11 hours sleep! And my head still wasn't that great in the morning. I blamed the schnapps but I suspect a few other things had contributed. After another big brekky, I felt semi-human enough to wash the bike and set off to Hvar again with the rest. We took the reverse route to the first day and once again I enjoyed the spectacular scenery that Hvar has to offer. We rode up the old road through the olive groves. Robert explained to me that Hvar has some amazing olive and lavender oil. Bits of it even reminded me of Provence, and supposedly, French perfumeries get lavender oil from here.

Hvar is a big exporter of lavender
© Jeff Jones


Having more drinks in Hvar
© Jeff Jones


The nth cappuccino of the week was consumed in Hvar (it does you good to have a fling occasionally), and we rode up the long climb that we'd descended on day 1. On the way up, Lucija explained to me about how all the old houses and villages will probably get modernised soon, given the increasing tourist influx in summer. From a historical point of view, it'd be a damn shame, but then again, I don't have to live in them.

I stopped to take a few piccies at the top so I could really fang it on the descent. Although I was still a bit uncomfortable with the braking (left and right were swapped compared to what I'm used to), I caught most of them before the bottom. I reckon with some decent tyres, that Wilier would be a very good handler, as it turns on a ten cent piece.

Andrej the mechanic having a chuck(le) at the top of the climb
© Jeff Jones


A little bit of Provence?
© Jeff Jones


Once final time through the tunnel and I still managed to escape Gollum. Perhaps he didn't consider the Mortirolo to be preciousss enough. His loss, I reckon. We made it back to Ivan Dolac in time for...lunch! More fried sea frog (much nicer than it sounds), prawns, anchovies and sleep. I've never had fried sleep before but it had a refreshing taste. It was refreshing enough for me to pile into the van again to go to the next village for a few beers. Then back for some schnapps and massive amounts of octopus risotto and barbecued fish. The company was good, and it was a great way to finish off.

These three fish are going to provide some nourishment for up to 20 hungry bike riders
© Jeff Jones


Gathered around the pre-dinner table for some drinks and joviality
© Jeff Jones


Borut and Miroslav contemplate the fish
© Jeff Jones


These hands can skeletonise a piranha in minutes...
© Jeff Jones


Everyone was in good spirits (or vice versa) at the dinner table
© Jeff Jones


Roman and moi after skeletonising a fish or two
© Jeff Jones

Home again, home again

Three days doesn't sound like much of a holiday, but it was enough for me and it was all I could afford in terms of time. But I'll be back. I left with Bostjan and Branko early Sunday morning in time to catch the 7:30am ferry back to Split, then a long and very wet drive to Ljubljana along the impressively deserted motorway that links the inland with the coast. It was built a few years ago thanks to a massive loan, and is a very well serviced dual carriageway road.

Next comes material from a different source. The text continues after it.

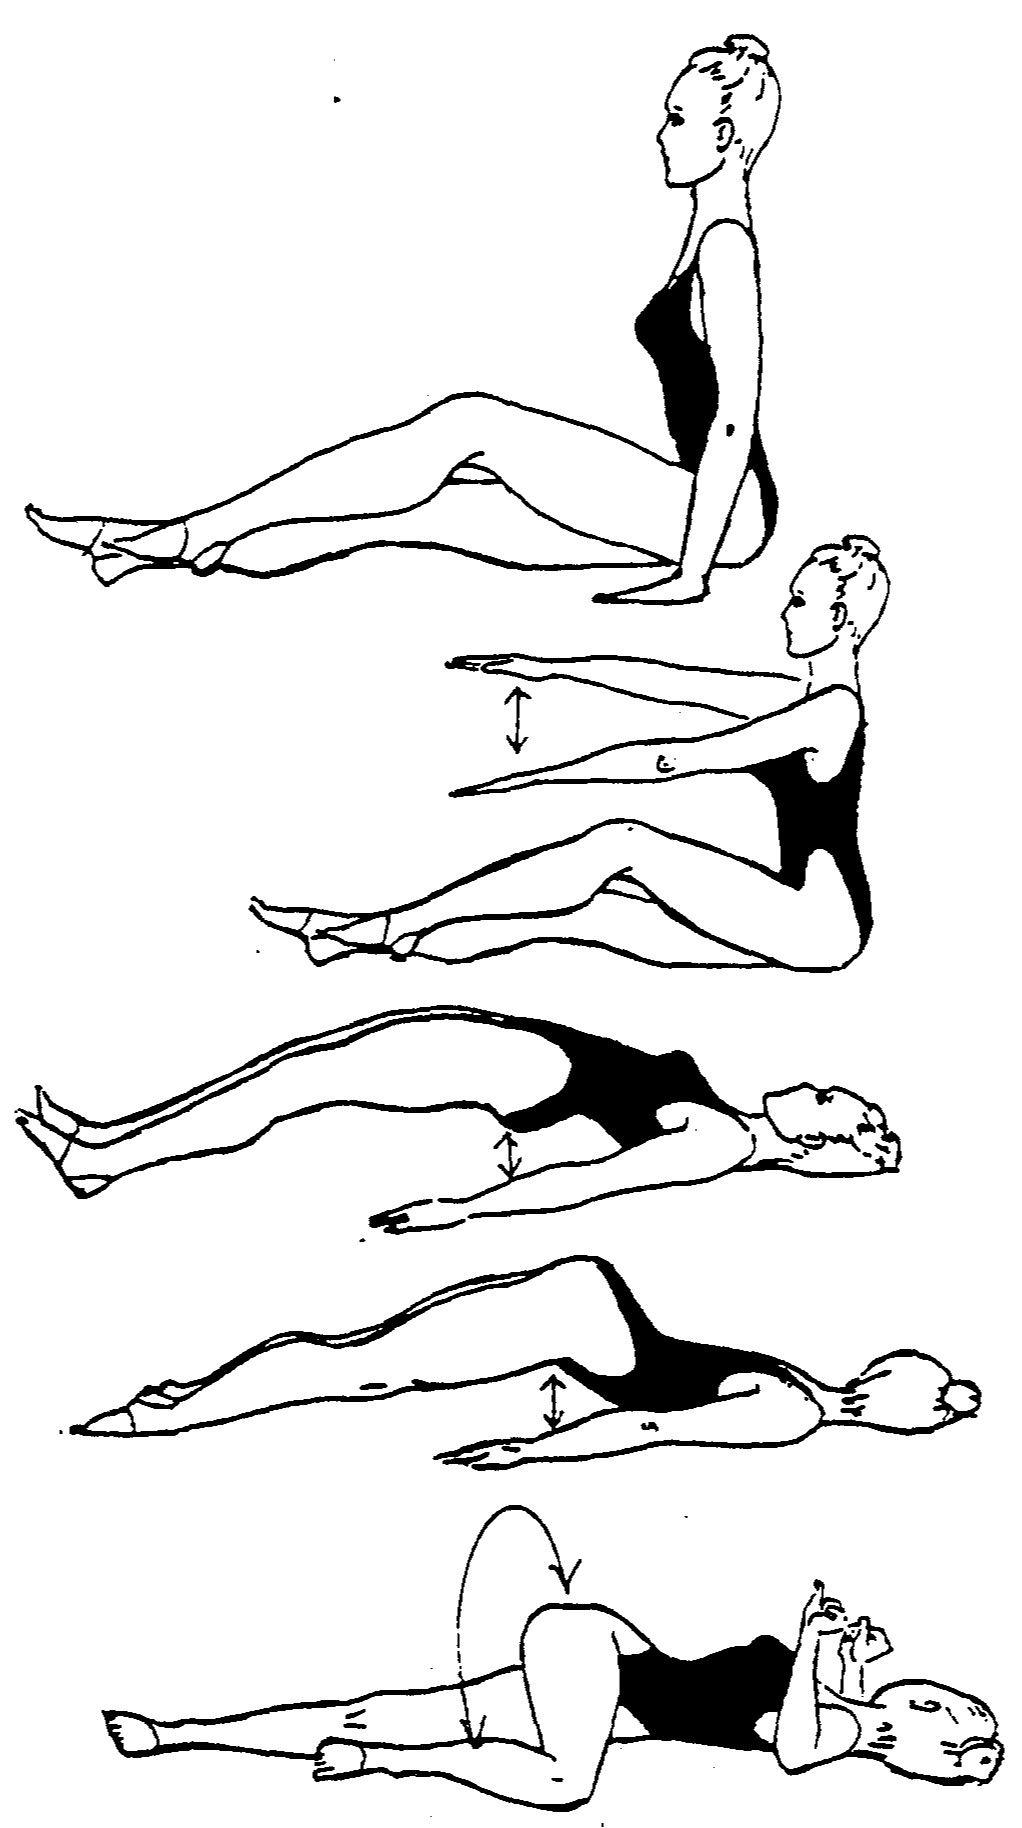 Kundalini Yoga for the skin  Kundalini yoga, Kriya yoga, Kundalini
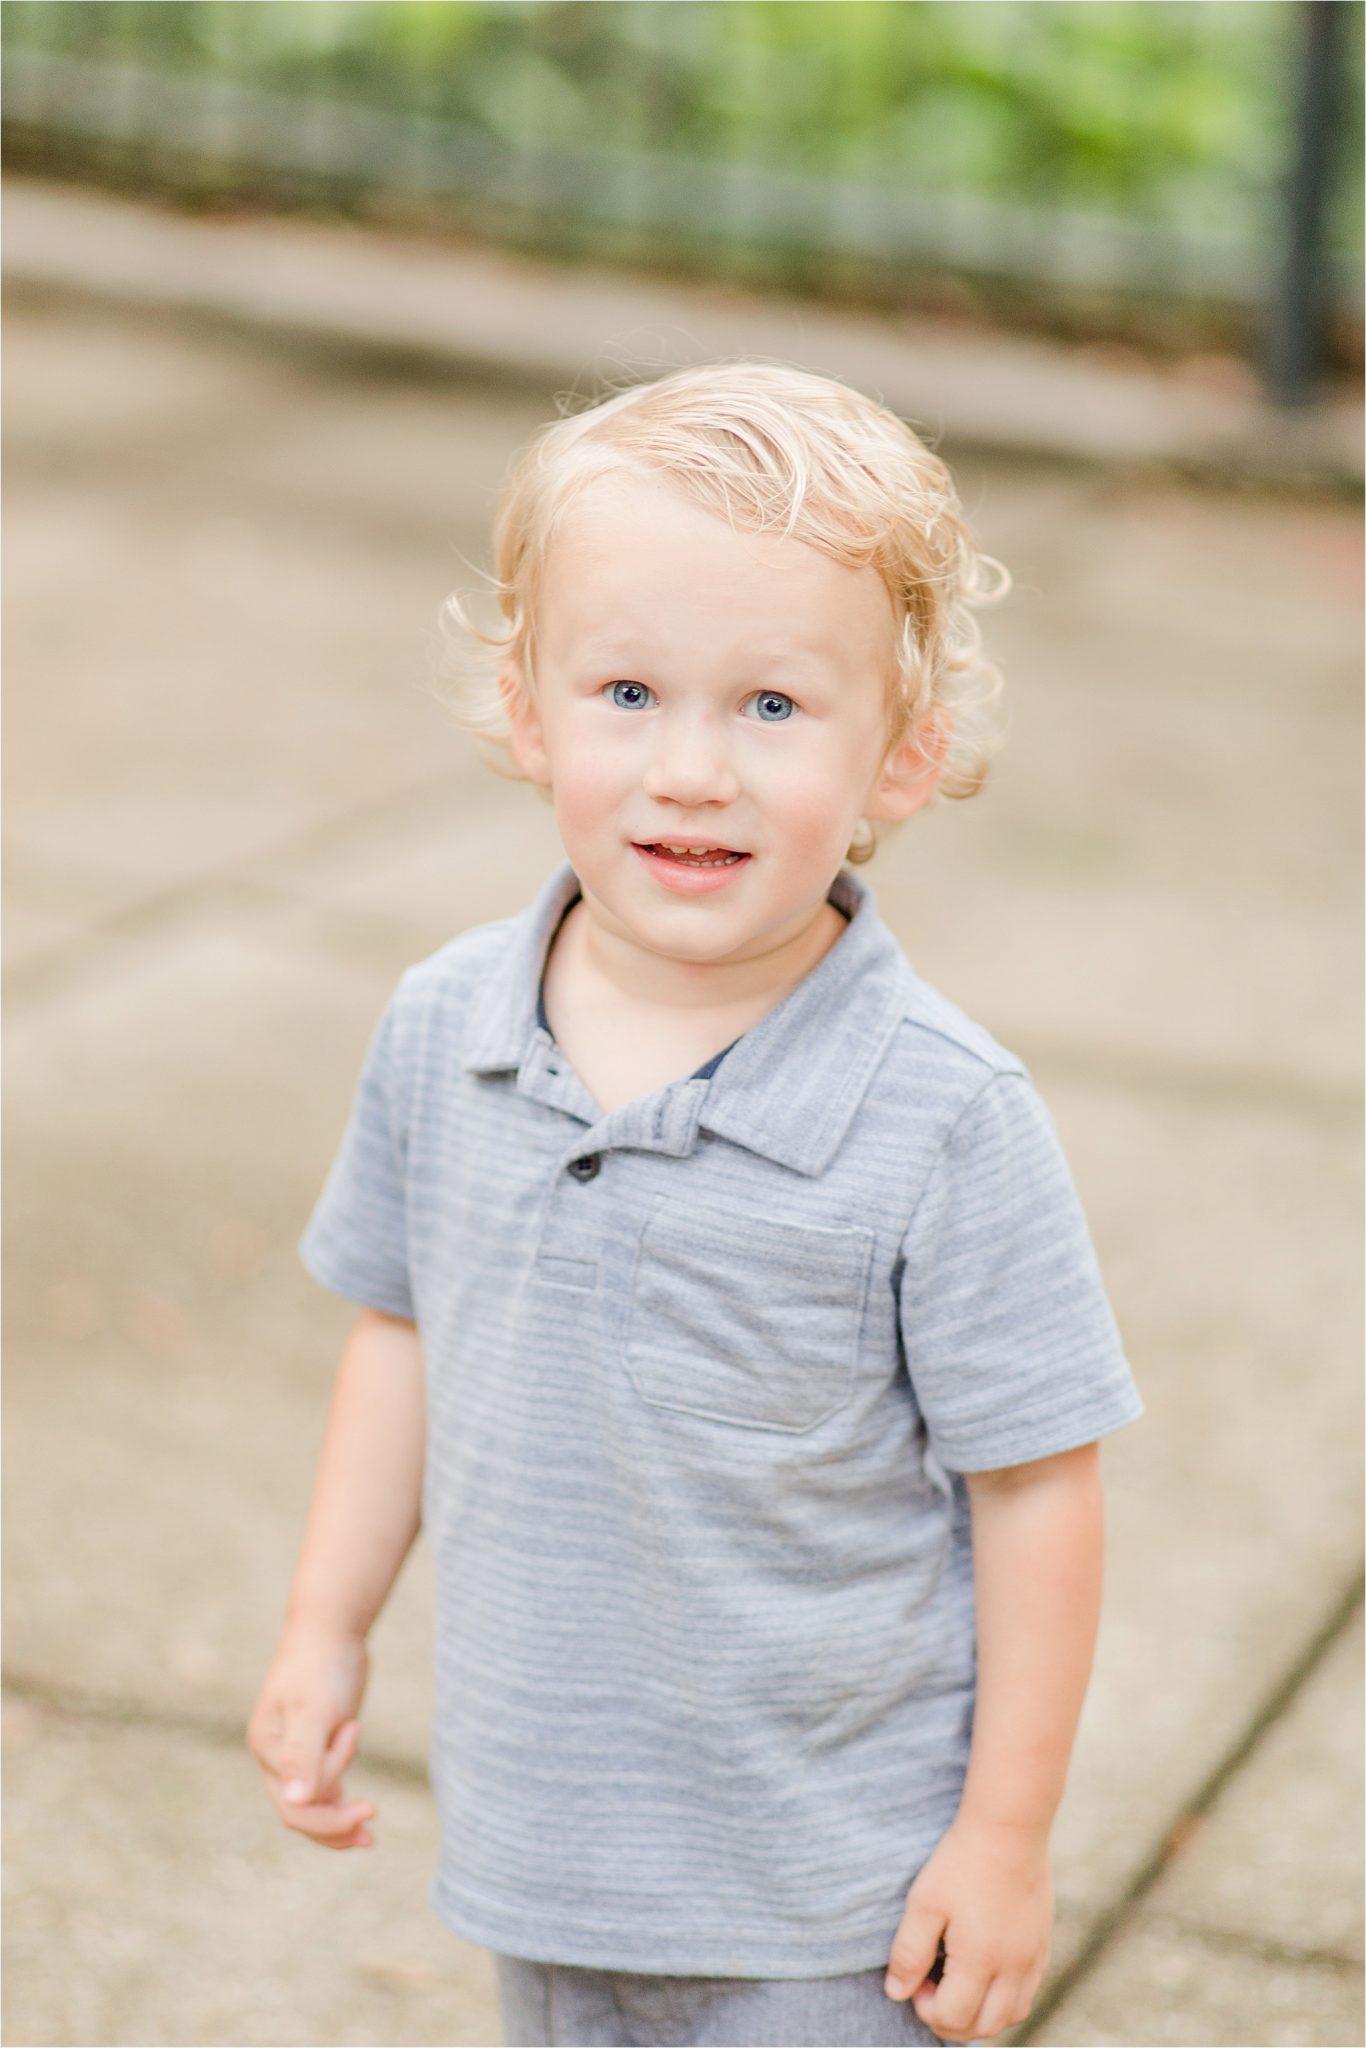 Washington Square Park Family Photography-Toddler photography-child portraits-photos

Along the way, Bostjan explained to me the bits of the country that were fought over by the Serbs and the Croats not much more than 15 years ago. Most of the country didn't look to be worth it, and it would have been a horrible place to fight a war. They should have just stuck to the coast and the fertile inland. Maybe that's why Croatia looks like a horseshoe.

It stopped raining by the time we got to Slovenia, and I even had a cappuccino sitting outside in the sunshine at Ljubljana airport. That must have been my n+1th cappuccino of the week, meaning that by that great mathematical principle of induction, I could prove that drinking cappuccinos was true for all values of cappuccino.

Luckily it was raining when I got back to Liège South Charleroi airport. Reality hits again.